╭──

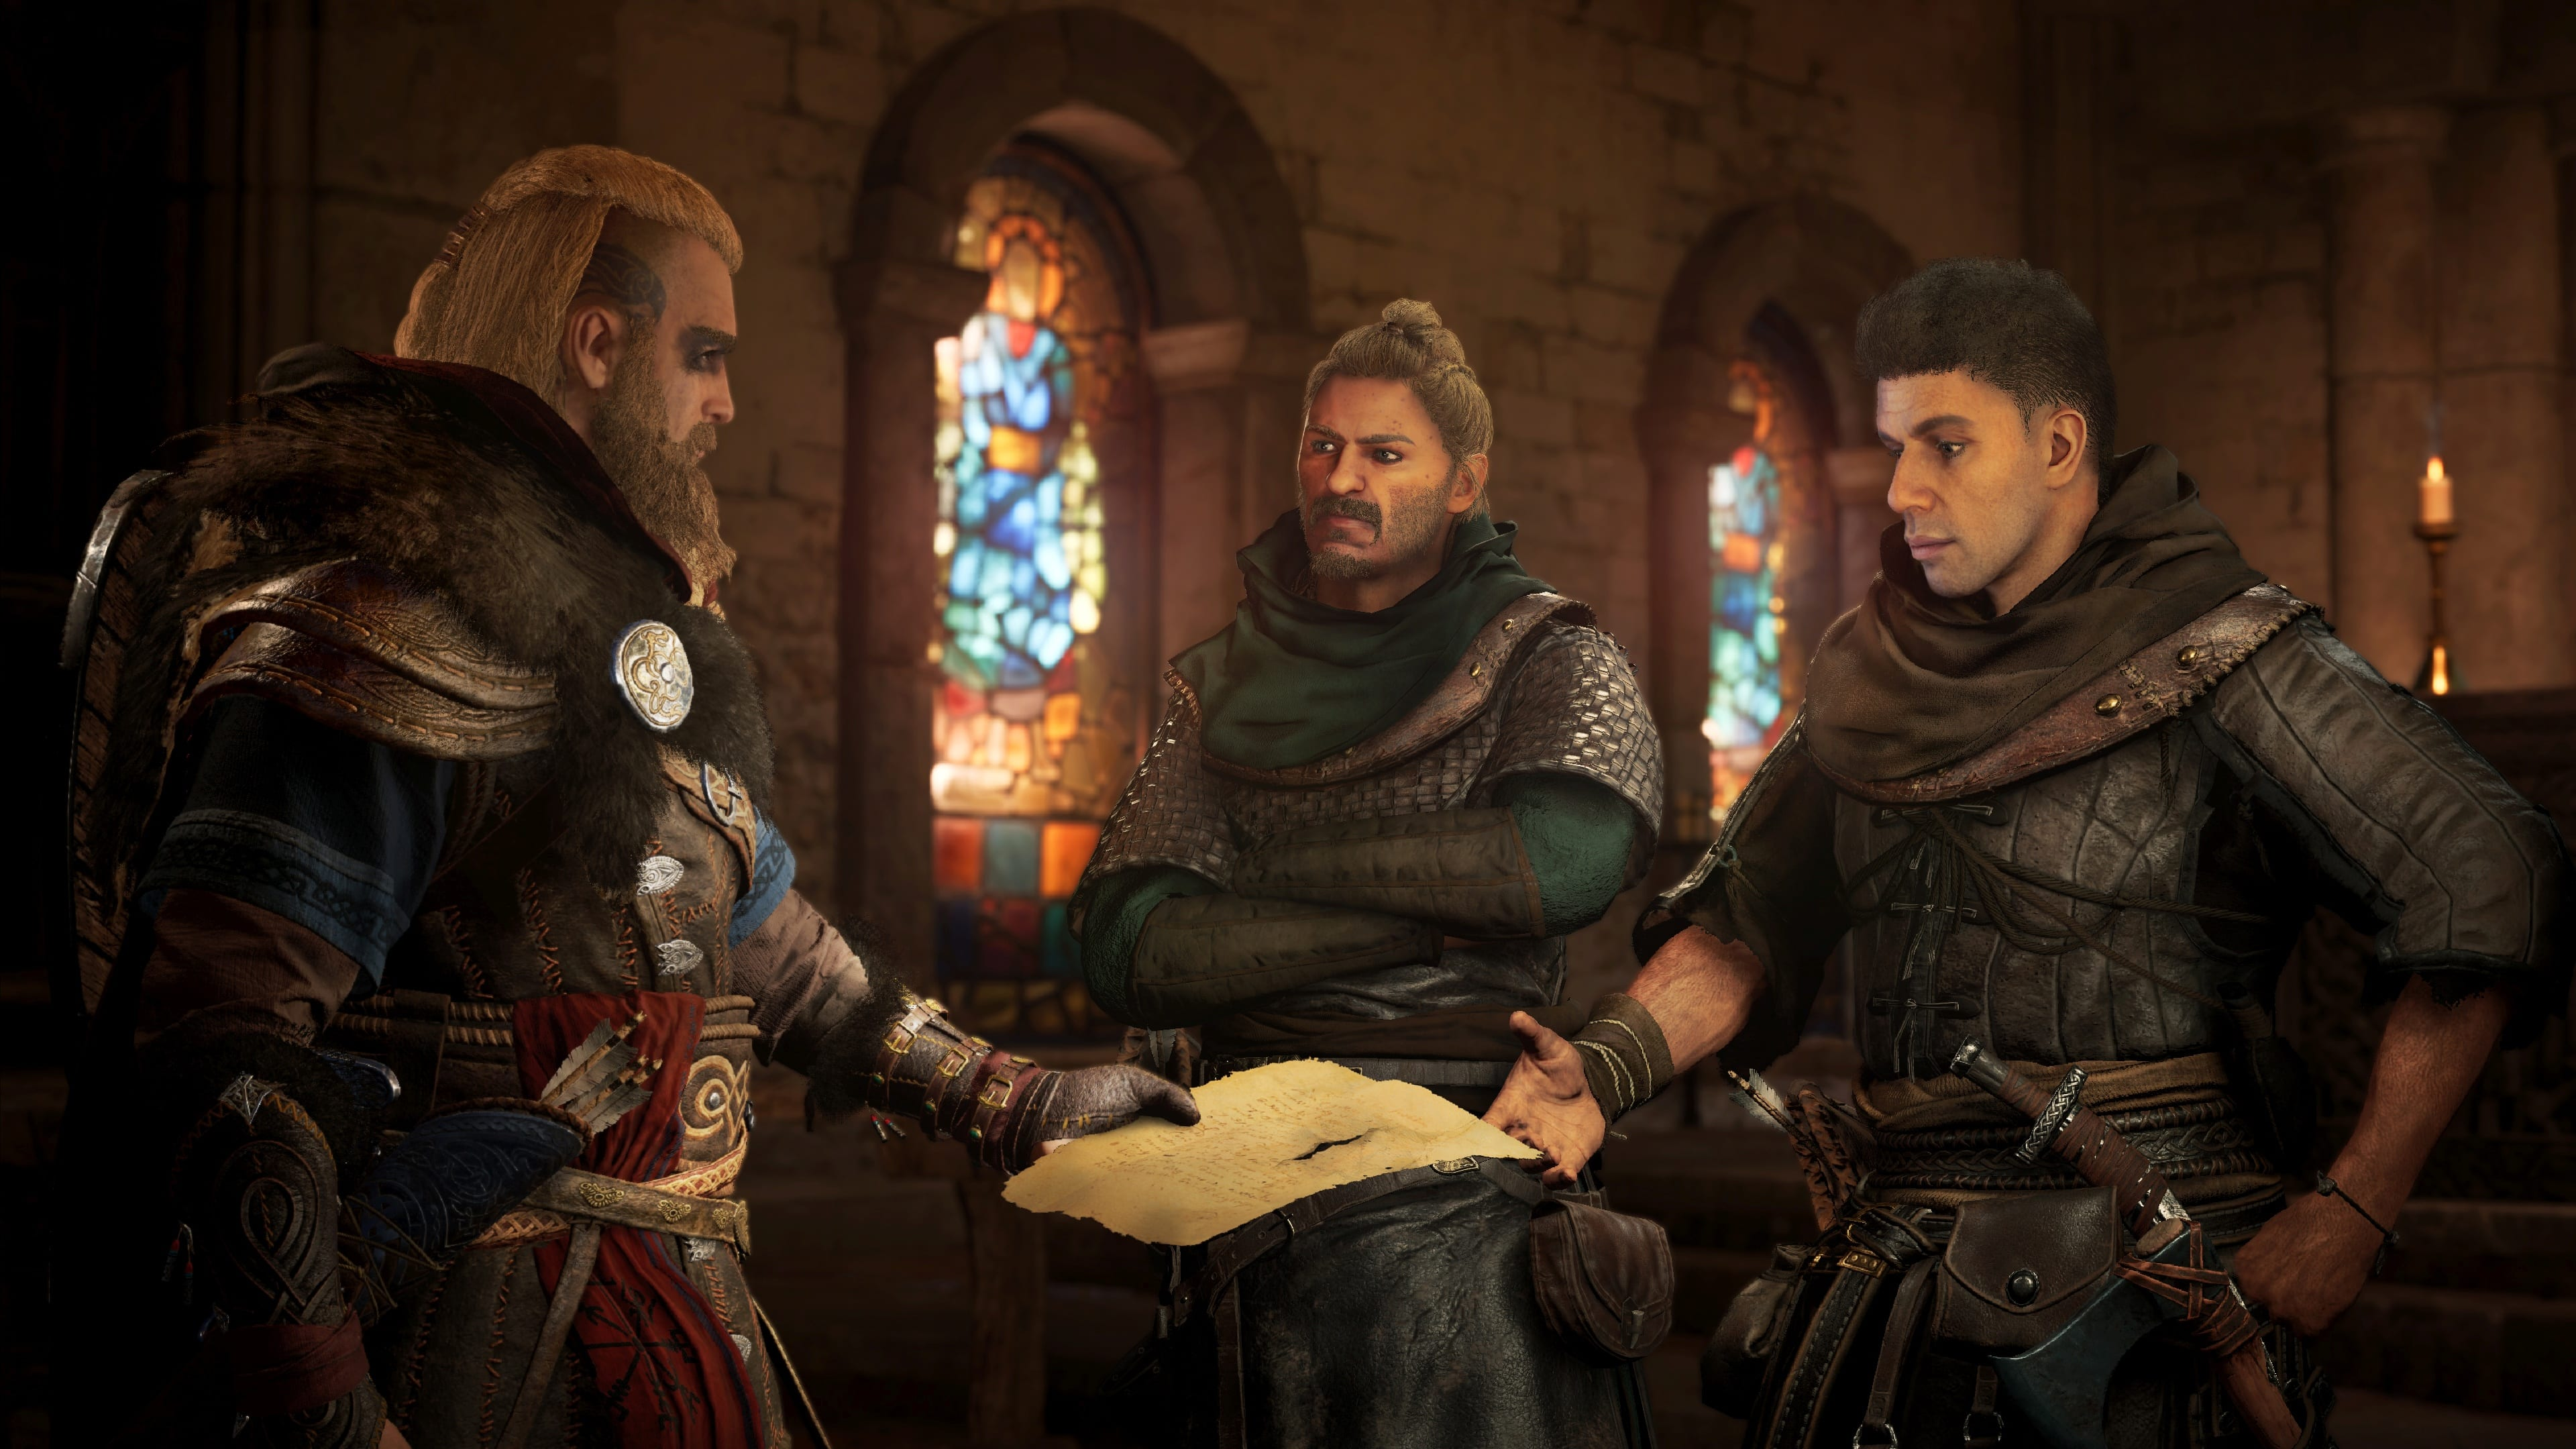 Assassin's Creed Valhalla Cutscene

╰──
╭──

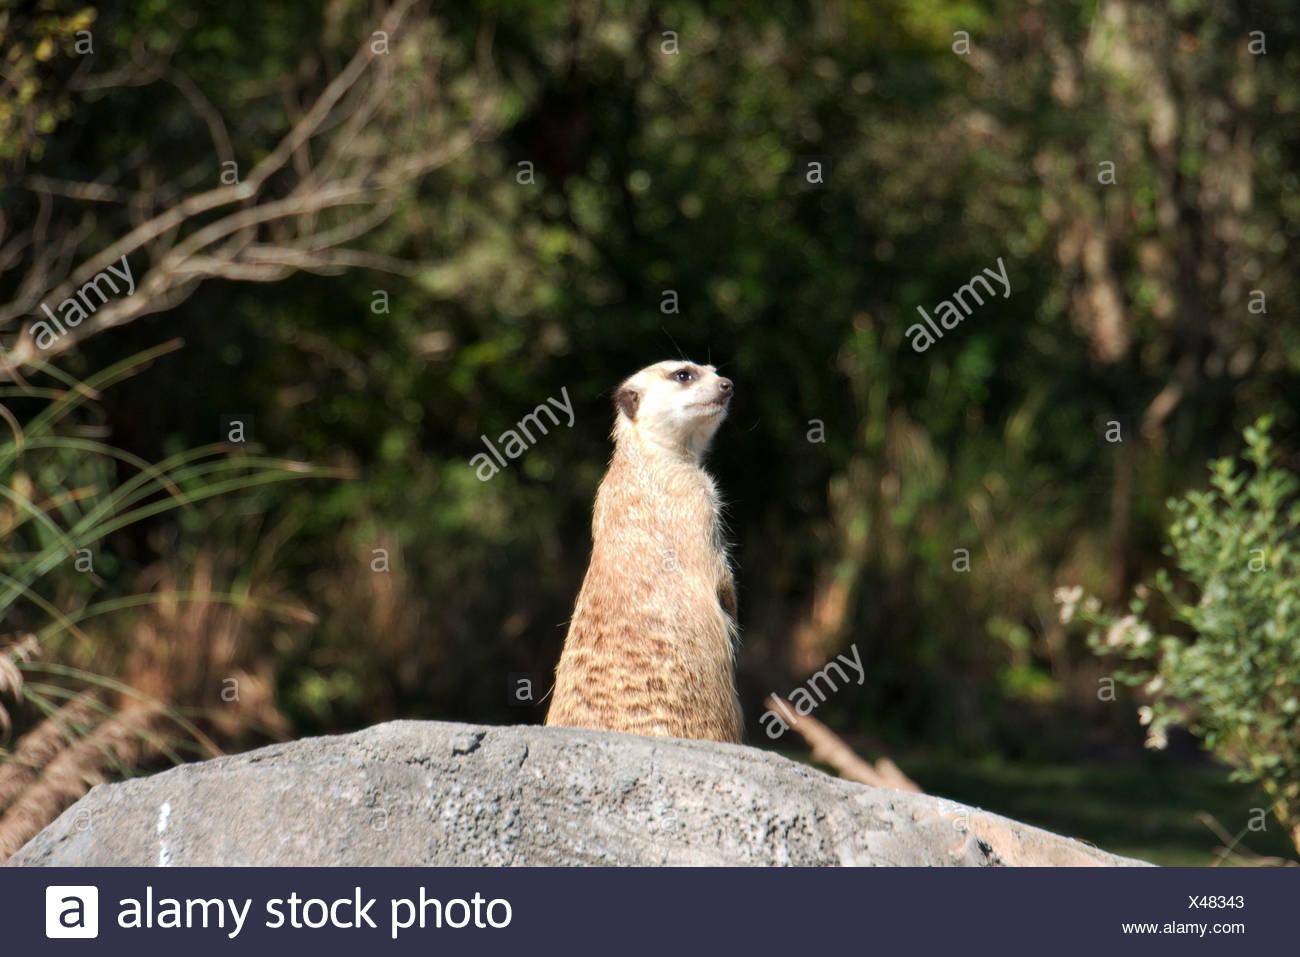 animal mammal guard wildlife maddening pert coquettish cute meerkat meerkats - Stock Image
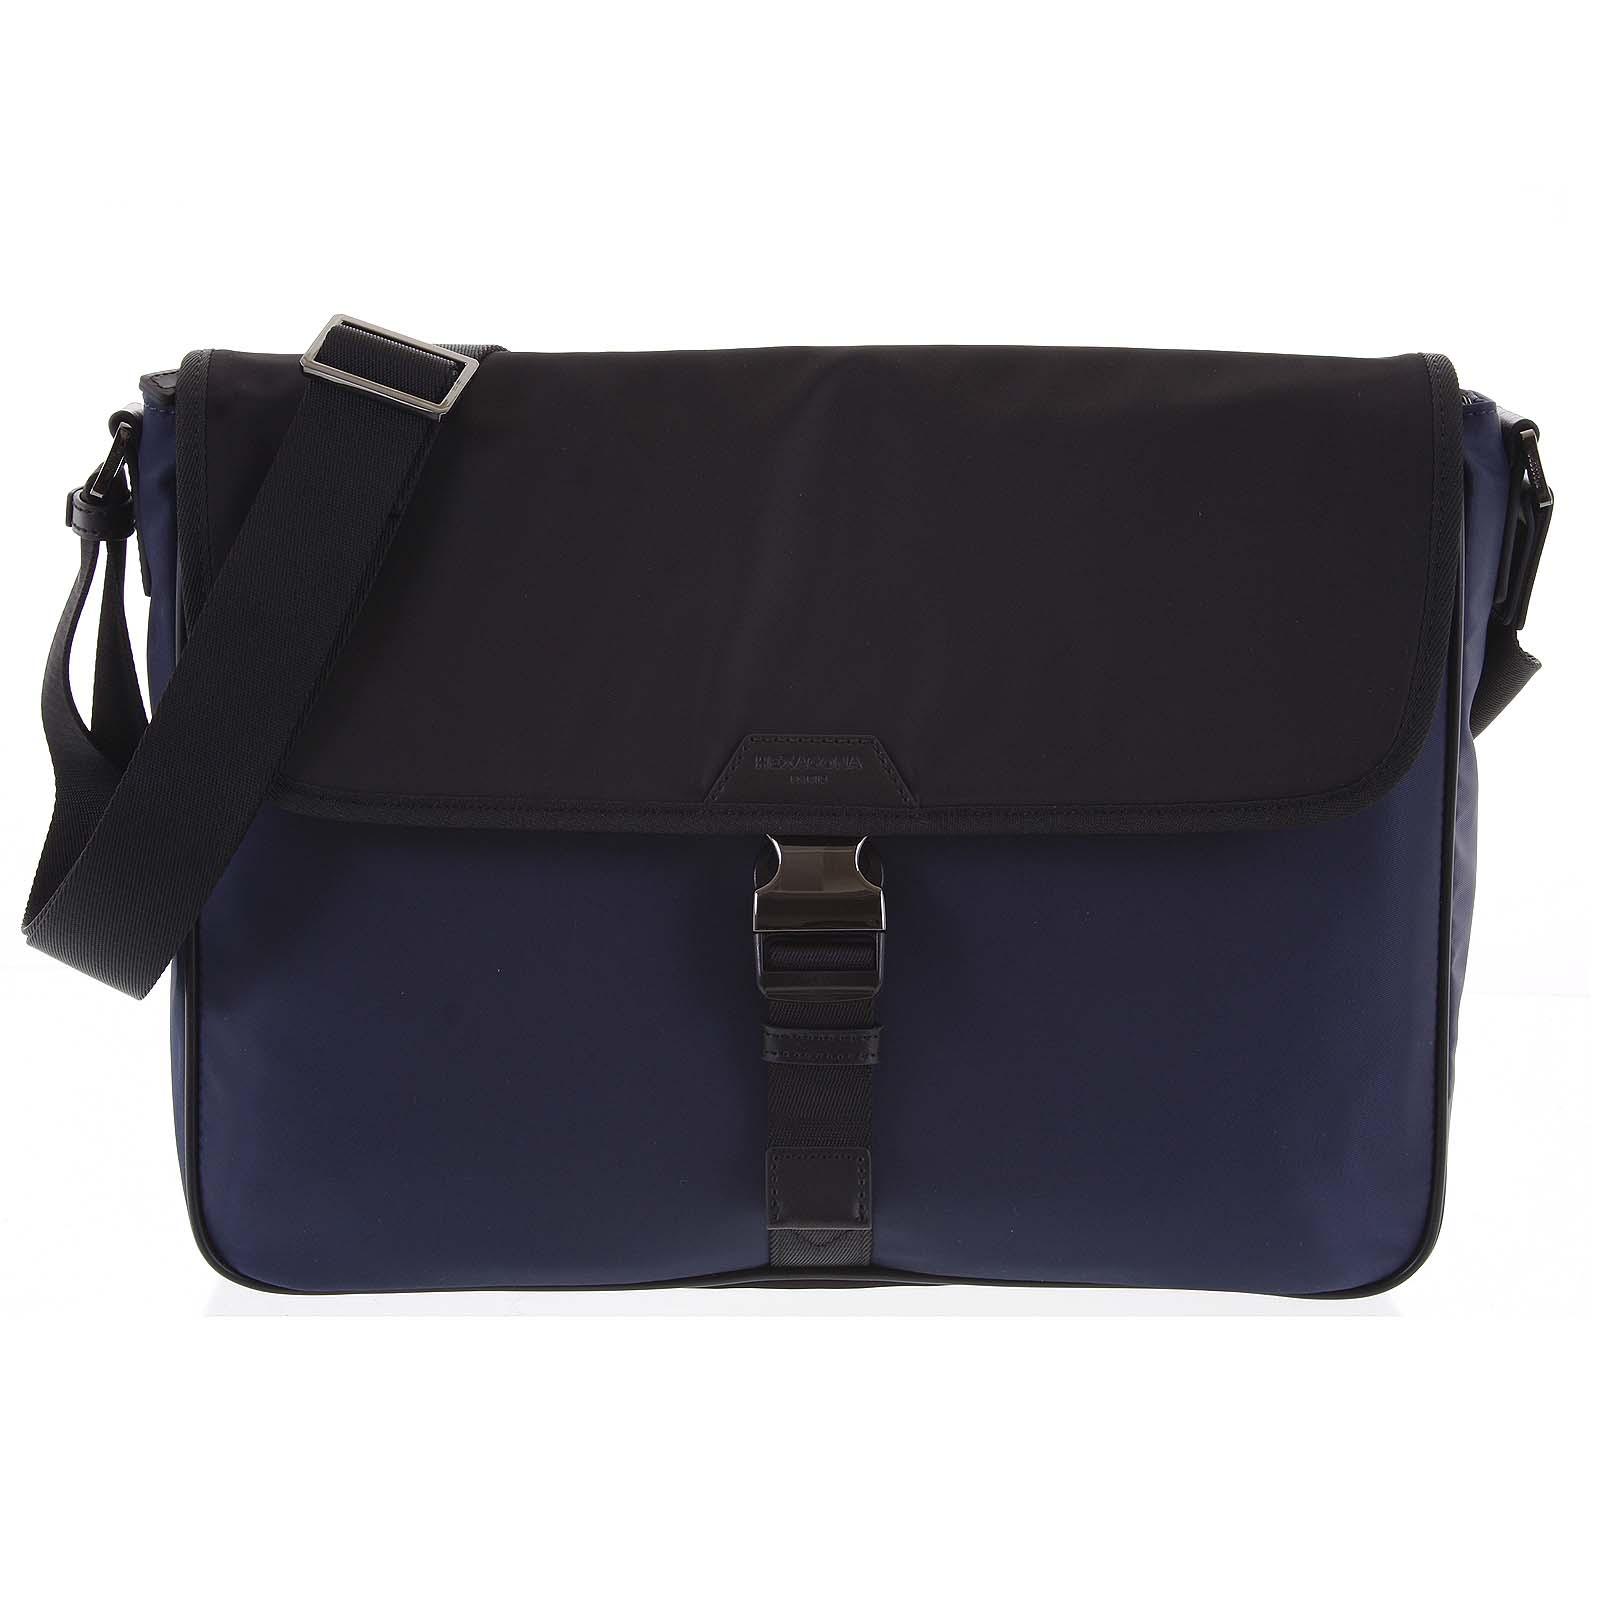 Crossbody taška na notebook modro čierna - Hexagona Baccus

╰──
╭──

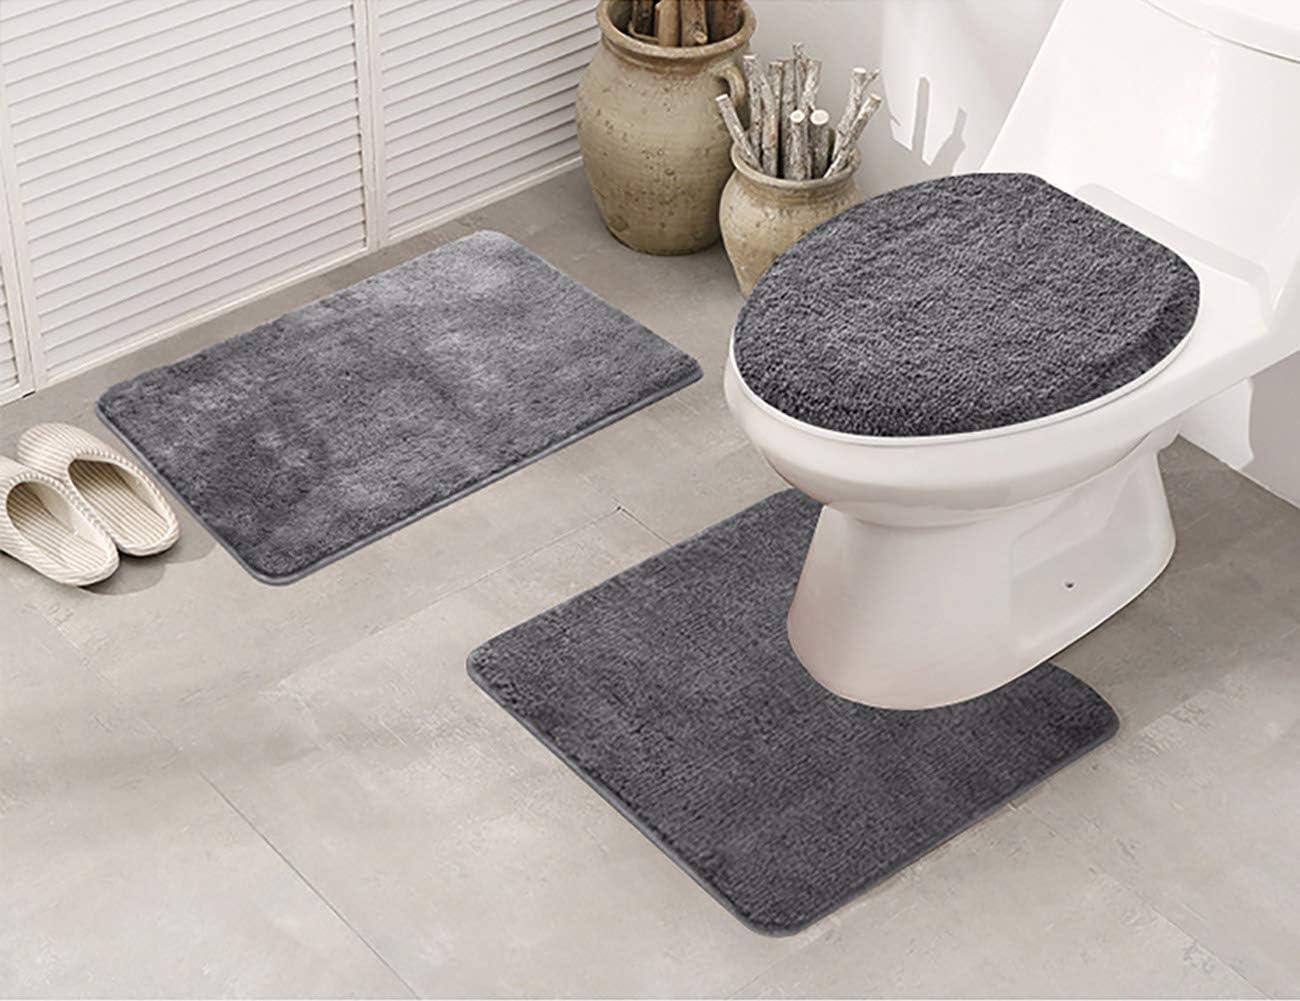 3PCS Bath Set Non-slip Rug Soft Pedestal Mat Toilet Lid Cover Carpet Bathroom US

╰──

Work to complete →
From the records above, extract the lines from the one holding "animal mammal guard" through the one holding "Crossbody taška na", word for word; omit the pictures.

Answer to this exercise →
 animal mammal guard wildlife maddening pert coquettish cute meerkat meerkats - Stock Image
 Crossbody taška na notebook modro čierna - Hexagona Baccus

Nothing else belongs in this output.